美晴の方も瑠理香の破壊力は知っているが、今は同じ大きさなのでもし上位種では無くてもすっごく痛いくらいだろうと思っていた。
高さ100mの天井すれすれに立ち上がったふたりの女の子が正対しているのは圧巻の光景だ。そのうちのひとり、瑠理香が構えを取る。

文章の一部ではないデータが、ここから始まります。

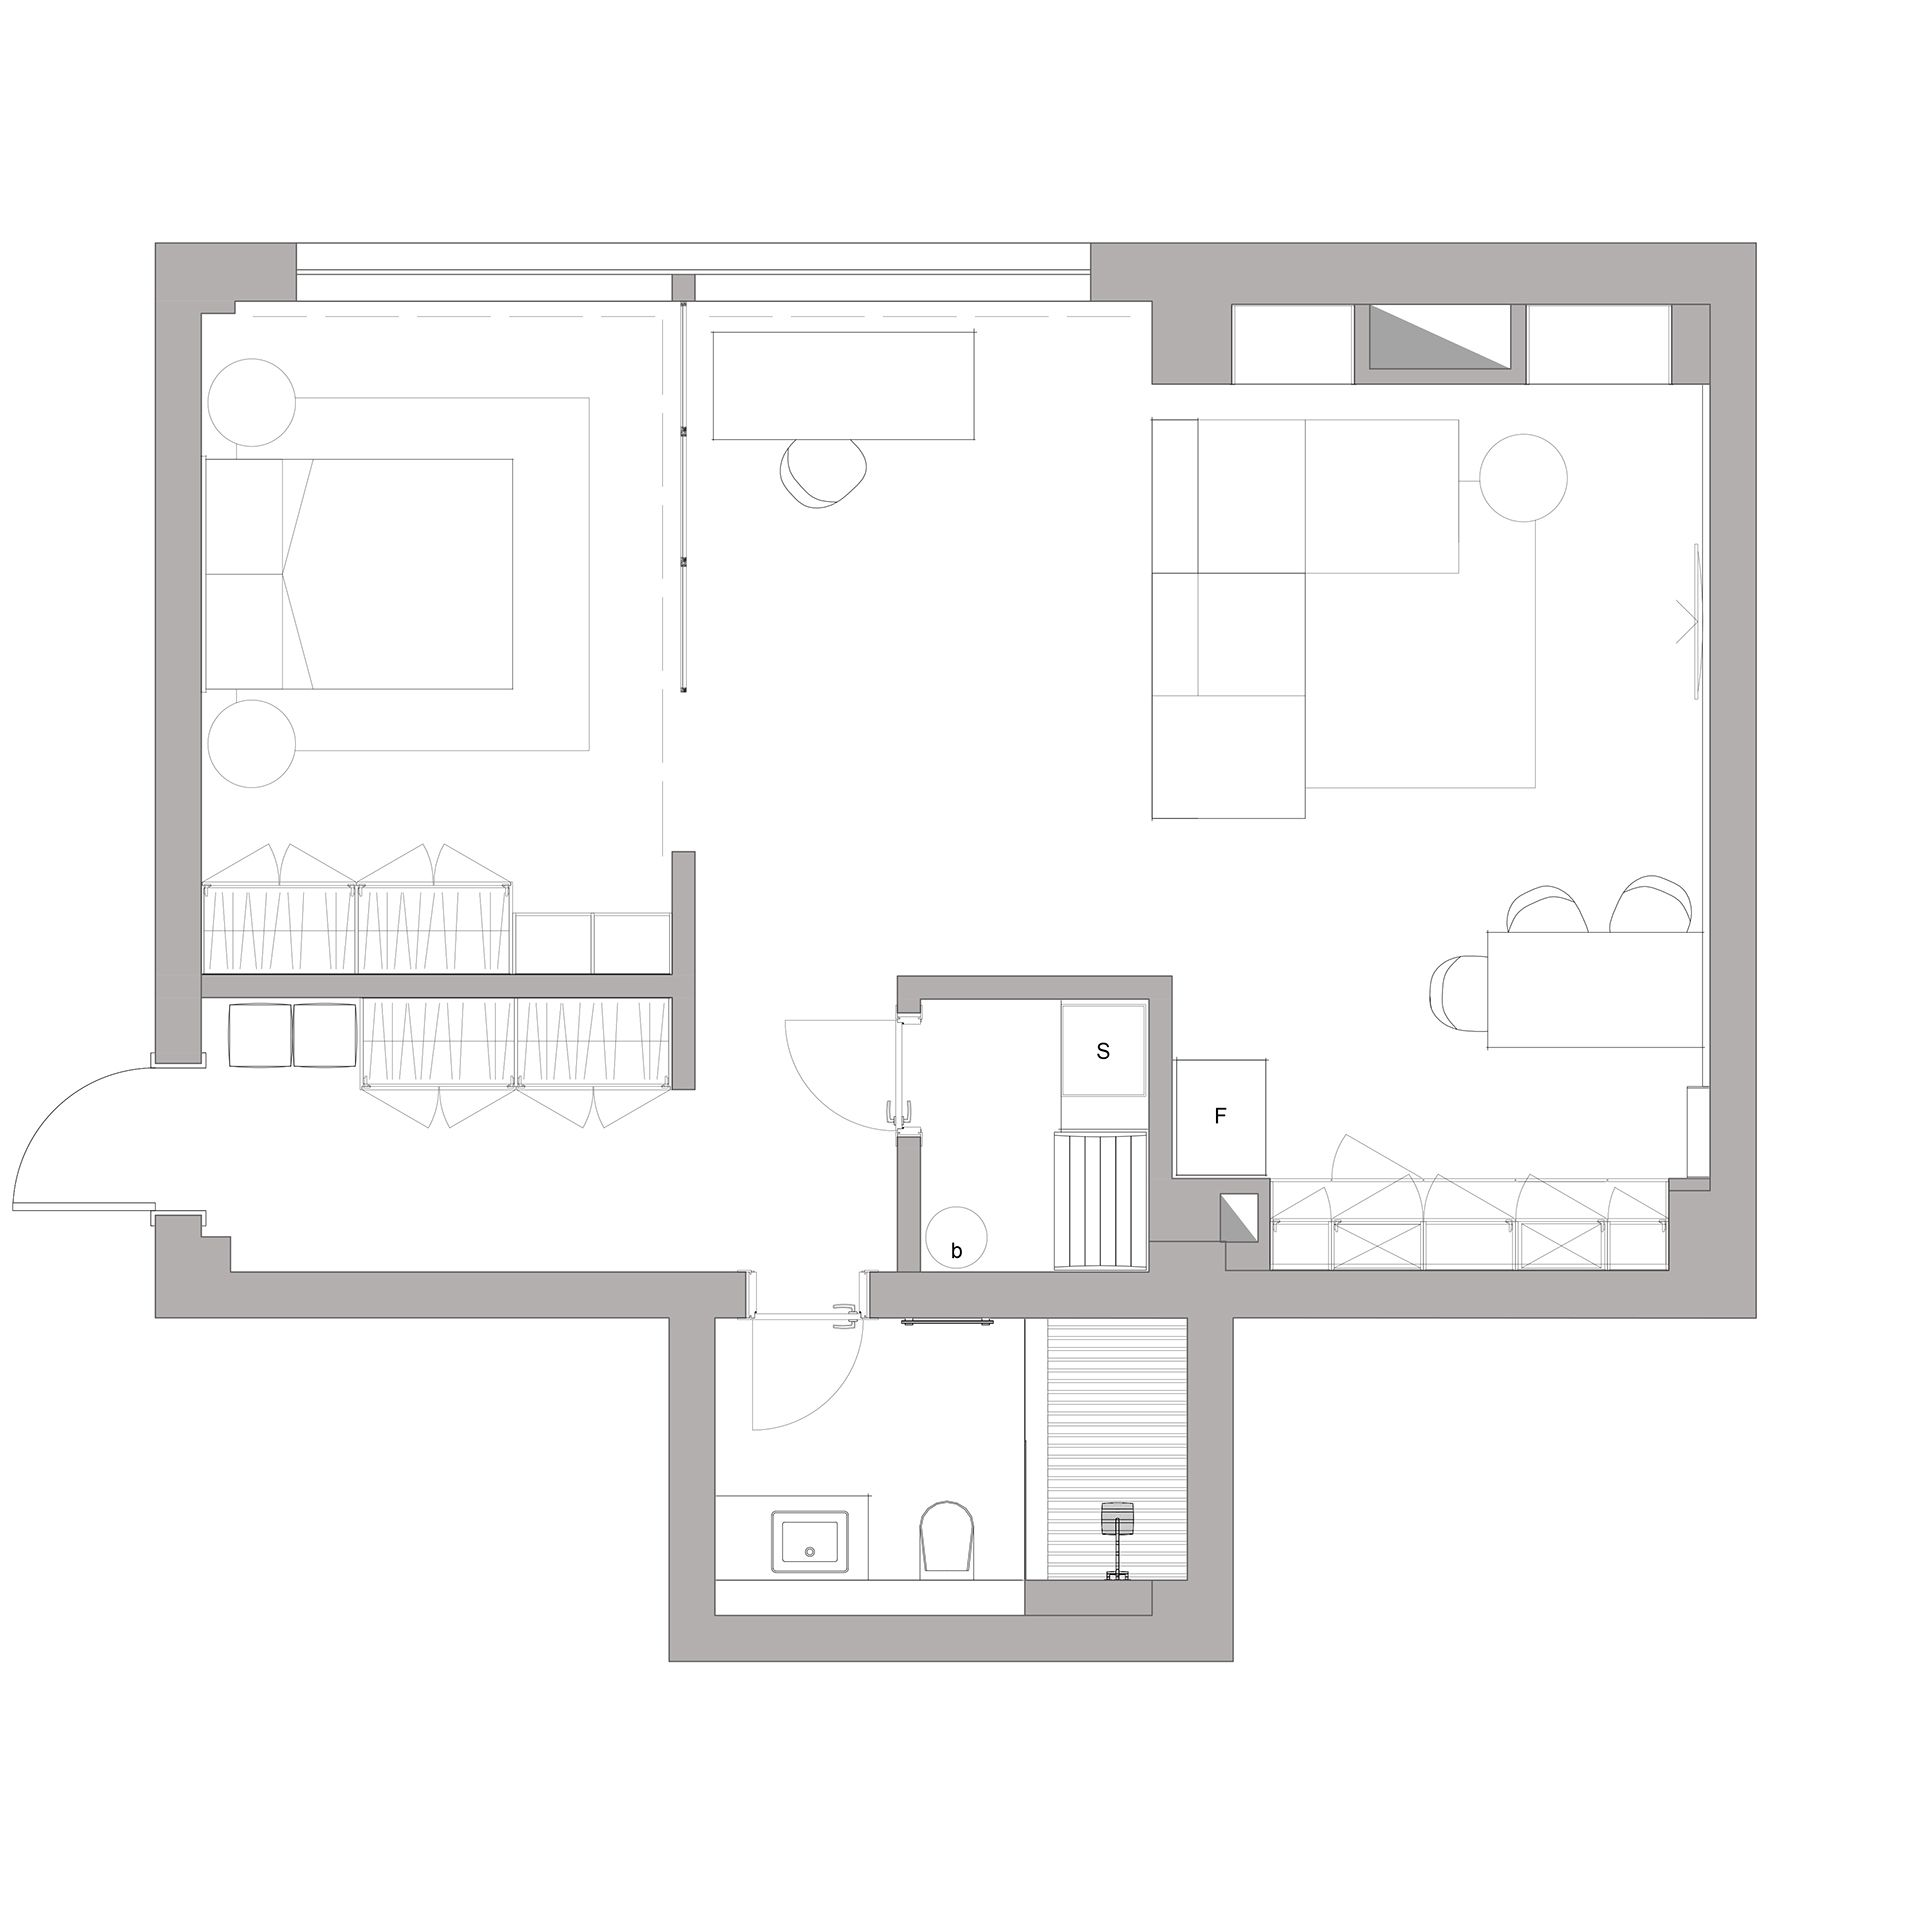 3 Modern Home Interiors Under 70 Square Metres (750 Square

実は瑠理香は小学生の時に空手道場に通っていて、黒帯寸前までいったほどの実力なのだ。
「じゃあ、いくよっ!」
瑠理香のその声に、美晴も全身に力を込める。
「せいっ!」
ズンッ!
正拳突きが見事に美晴の腹に突き刺さり、同時に衝撃が部屋全体を襲い、壁にいくつかのひび割れを作り出した。そして数秒の沈黙・・・
「ったぁいっ!!!」
瑠理香が右拳を庇うようにして蹲った。その姿を見下ろして、美晴はポカンとしている。
「今の本気・・・だよね。」
部屋の状態を見れば凄まじい威力だということは一目瞭然だ。『ビル割り』と称して瓦割りの要領でビルを木端微塵に破壊するのを何回も見せつけられていたのと同じ、いや、それ以上の破壊力だろう。
確かに殴られた感触はあった。だが、まったく痛くなかったのだ。別に美晴の腹筋がバキバキになっている訳でもないのに、巨人の本気の突きが軽く撫でられた程度にしか感じなかった。
(私って本当に上位種なんだ・・・)
「ごめんねぇ、大丈夫?」
声をかけられて顔を上げた瑠理香は、まるで怯えた子猫のようだった。